Otsuka scores EU schizophrenia approval, but acute myeloid leukaemia drug flops at Phase 3

pharmafile | August 1, 2018 | News story | Research and Development, Sales and Marketing Astex, Otsuka, Rxulti, guadecitabine, pharma, schizophrenia 

It’s bittersweet news for Otsuka as it emerges that the European Commission saw fit to approve its therapy Rxulti (brexpiprazole) for the treatment of schizophrenia in adults, but its subsidiary’s investigational treatment guadecitabine failed to achieve its co-primary endpoint in treatment-naïve acute myeloid leukaemia (AML) patients.

The second-generation (atypical) oral antipsychotic drug, developed in partnership with Lundbeck, was approved on the back of a positive recommendation from the Committee for Medicinal Products for Human Use (CHMP) back in May. The two companies will now work with pricing and reimbursement bodies across Europe to make the drug accessible, with first availability expected in early 2019.

However, this good news was somewhat muted by guadecitabine only a day earlier. In 815 treatment-naïve AML patients who are ineligible for intensive induction chemotherapy, the drug failed to significantly prolong overall survival (OS) or improve complete response rates versus controls.

Otsuka subsidiary Astex said that secondary endpoint and safety analysis is ongoing, but the company is also focusing on late-stage trials of the drug into relapsed and refractory AML, relapsed and refractory myelodysplastic syndromes and chronic myelomonocytic leukaemia.

“We are disappointed in the outcome of the ASTRAL-1 study. The study used very strict criteria of ineligibility to receive intensive chemotherapy based on age (over 75 years) or poor performance status (ECOG PS of 2 or 3) or comorbidities, which made it a difficult population to show superior benefit of guadecitabine,” said Mohammad Azab, Astex’s President and Chief Medical Officer.  “ASTRAL-1 is the largest global prospective study ever conducted in this specific patient population with low intensity therapy, with 815 patients randomized, of whom about 90% were treated with hypomethylating agents or HMAs (guadecitabine, azacitidine, or decitabine).
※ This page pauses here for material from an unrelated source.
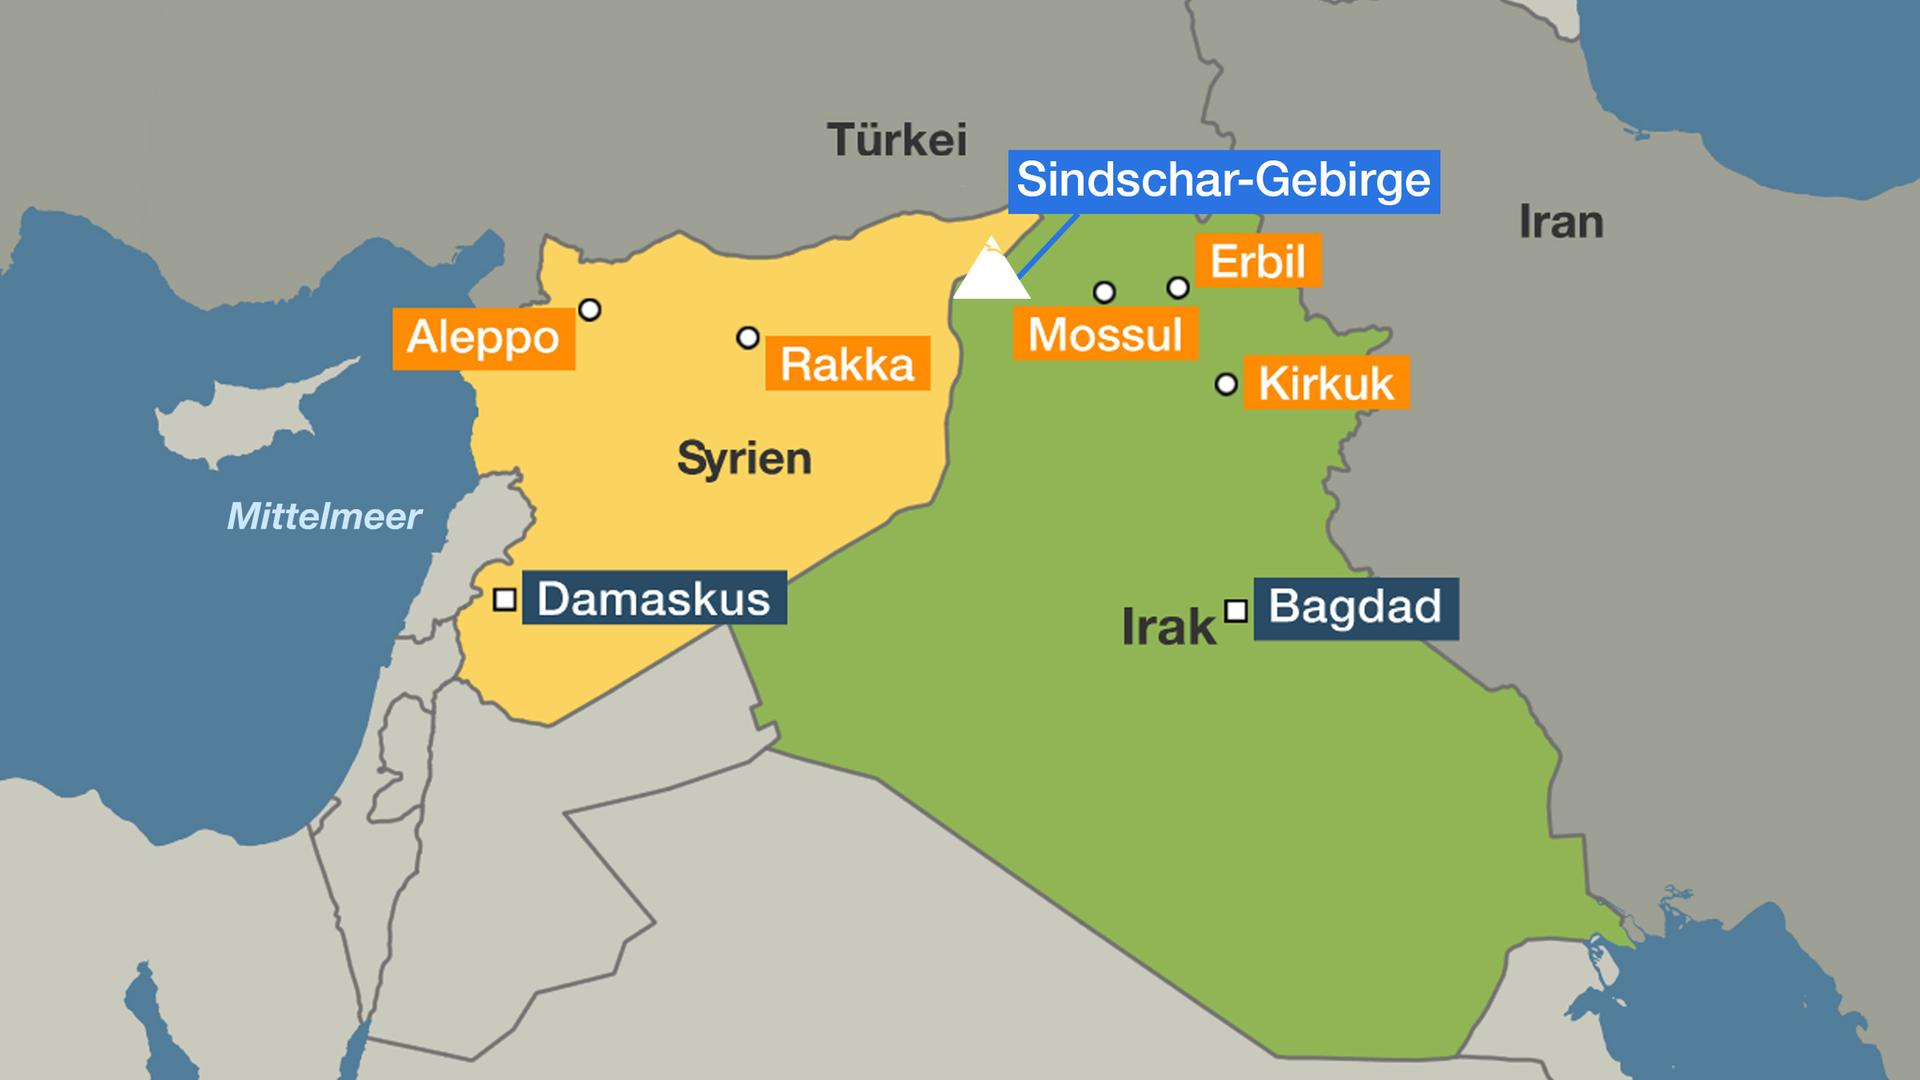 Syrien Irak Karte.Trumps Twitter Drohung Is Kämpfer Berlin In Der Zwickmühle

The large body of clinical and genetic data will still provide the medical community with very valuable insights into the role of several prognostic clinical and genetic markers that may influence outcome with HMA treatment. We are extremely grateful to all the patients, physicians and other healthcare professionals, and partner research and manufacturing organisations who contributed to this global effort. We are now looking forward to the completion of the ASTRAL-2 and ASTRAL-3 studies currently actively recruiting in two different indications.”